- _ACTIVITY_
Where the material below has a line containing "レコードノイズ Lofi ヴァイナル11の未再生の波形", start repeating exactly, and keep going through the line containing "Palacio de Cristal de Madrid por dentro", with no other lines.

- _EXCERPTED DATA_

= Beginning of Section =

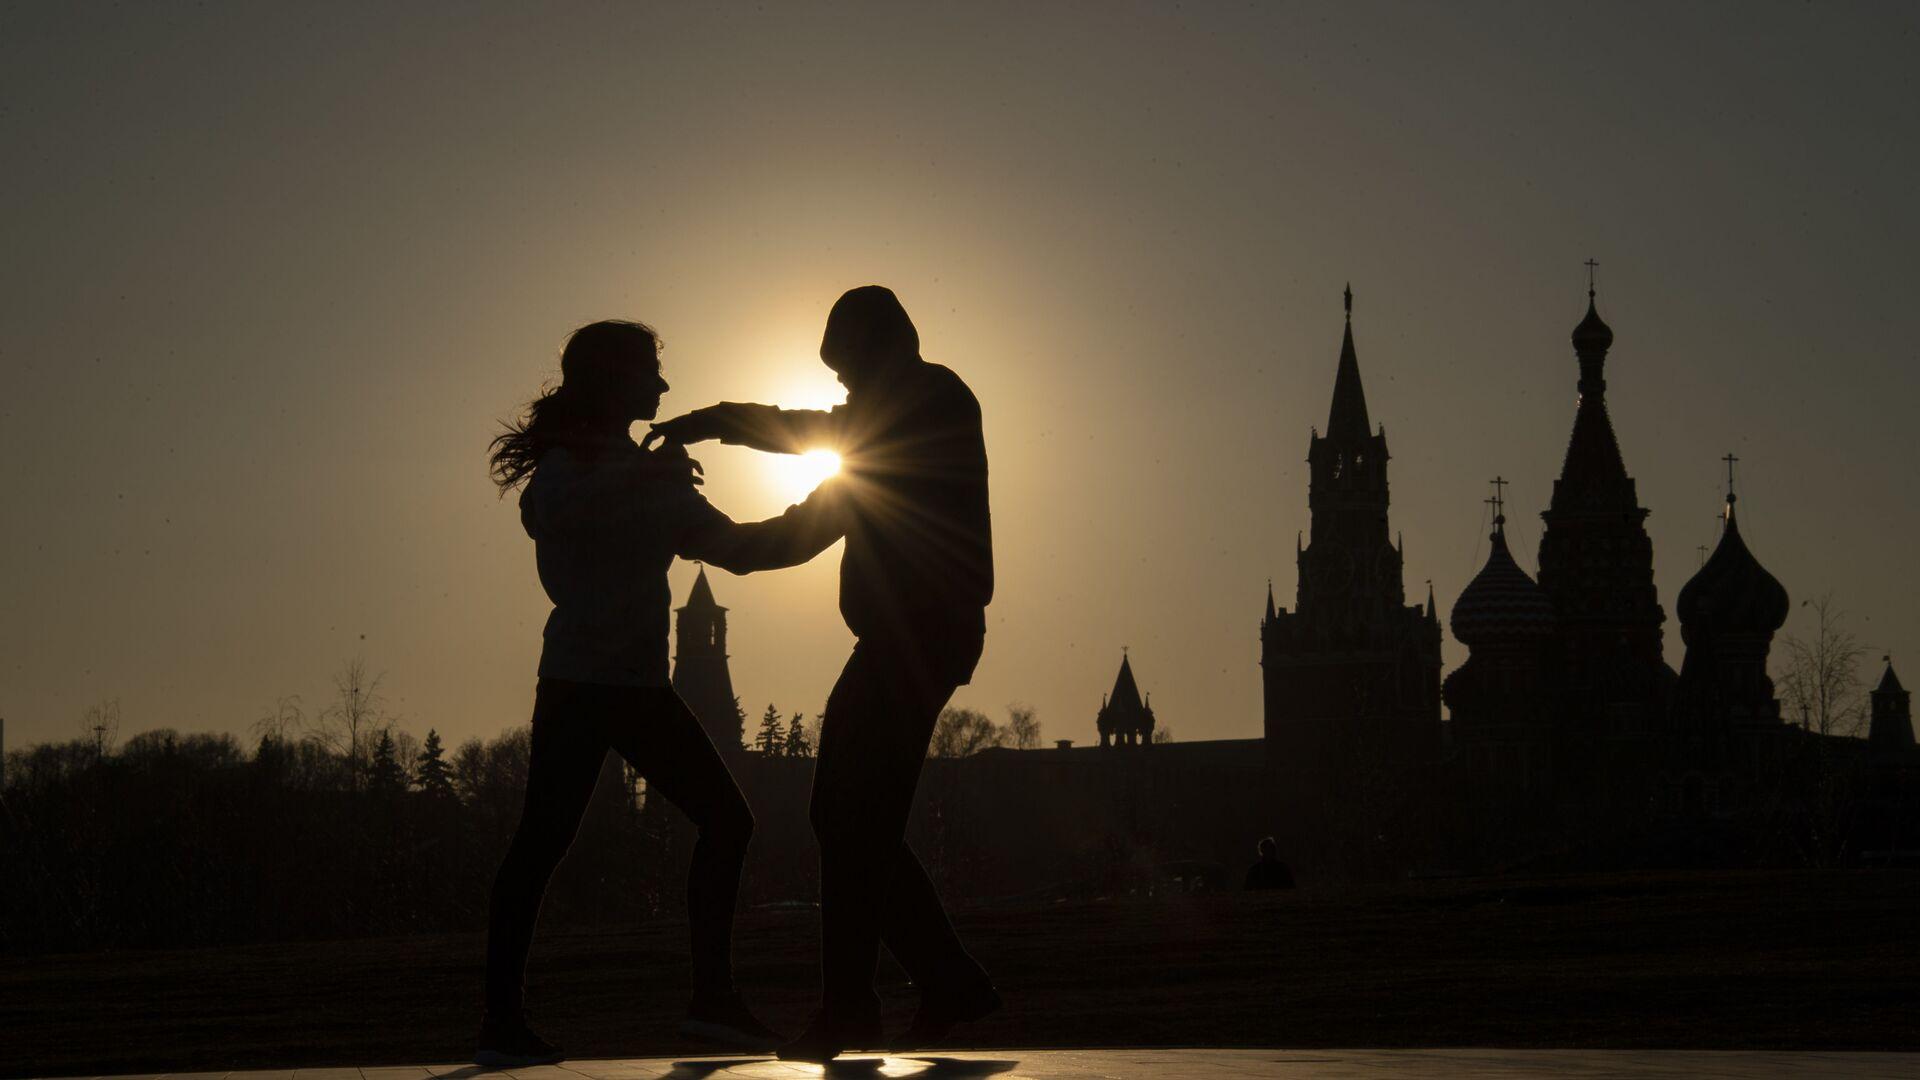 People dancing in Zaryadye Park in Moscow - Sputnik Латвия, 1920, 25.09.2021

= End of Section =
= Beginning of Section =

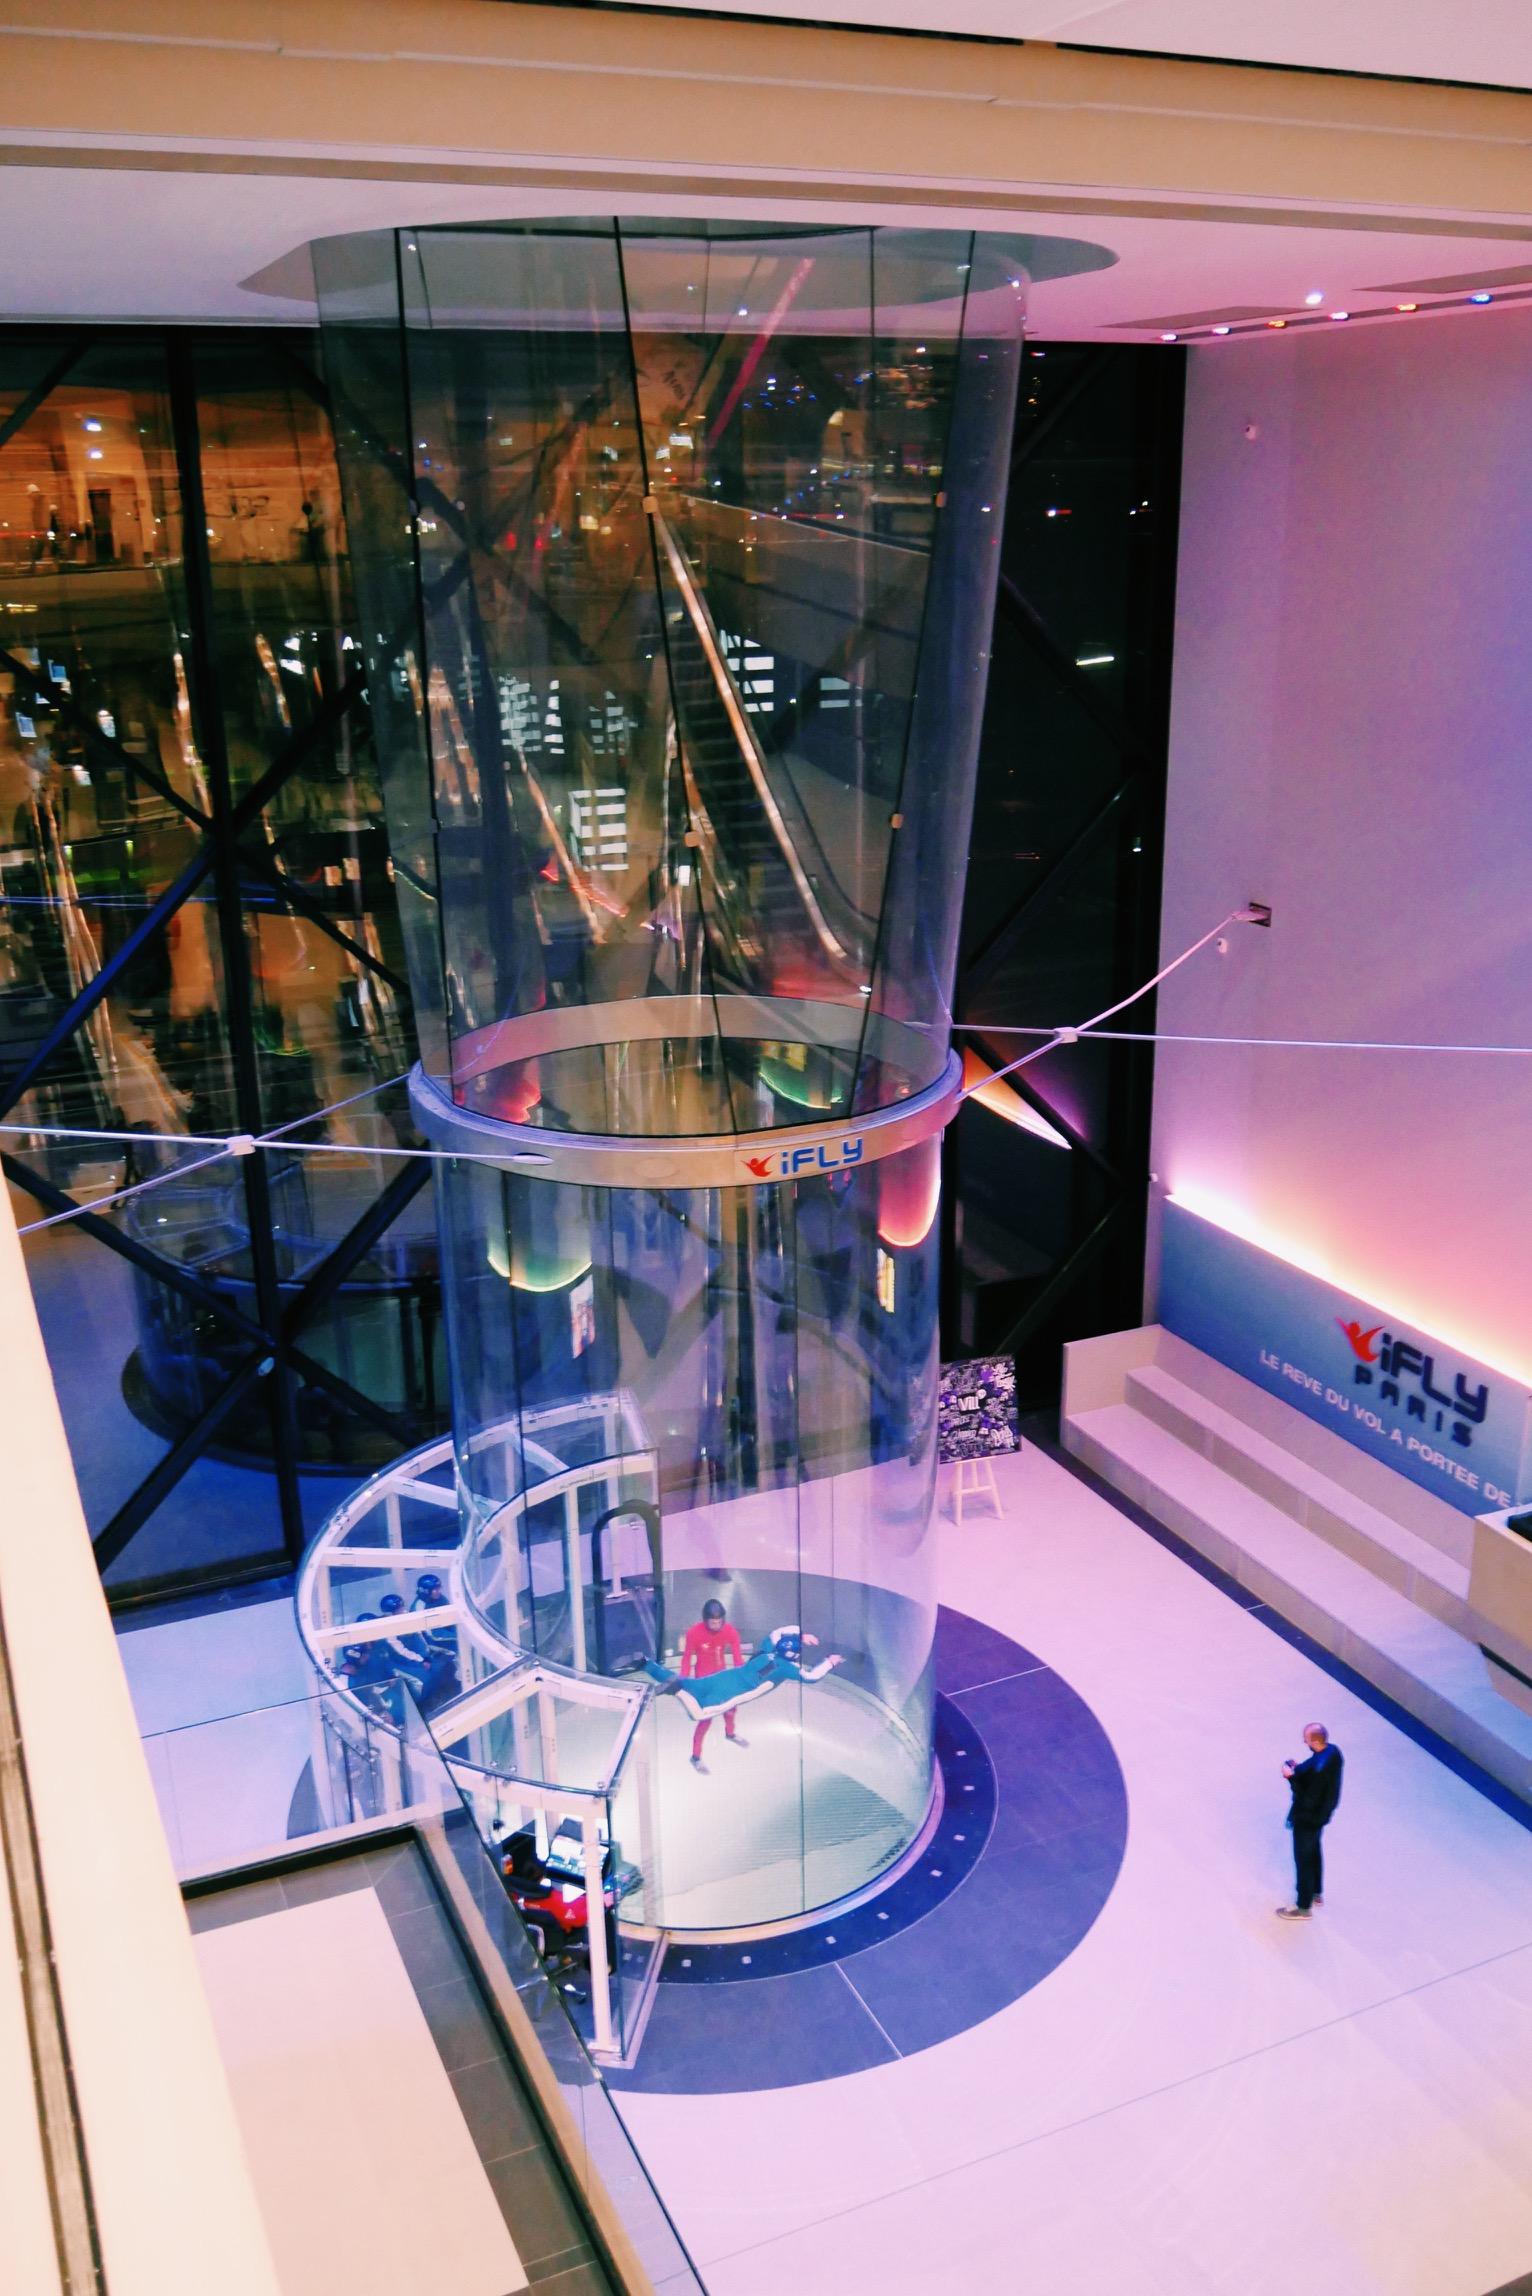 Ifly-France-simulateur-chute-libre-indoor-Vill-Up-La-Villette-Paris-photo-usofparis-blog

= End of Section =
= Beginning of Section =

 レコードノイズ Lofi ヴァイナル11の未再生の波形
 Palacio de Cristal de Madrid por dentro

= End of Section =

- _THE COMPLETED TASK_
 レコードノイズ Lofi ヴァイナル11の未再生の波形
 Palacio de Cristal de Madrid por dentro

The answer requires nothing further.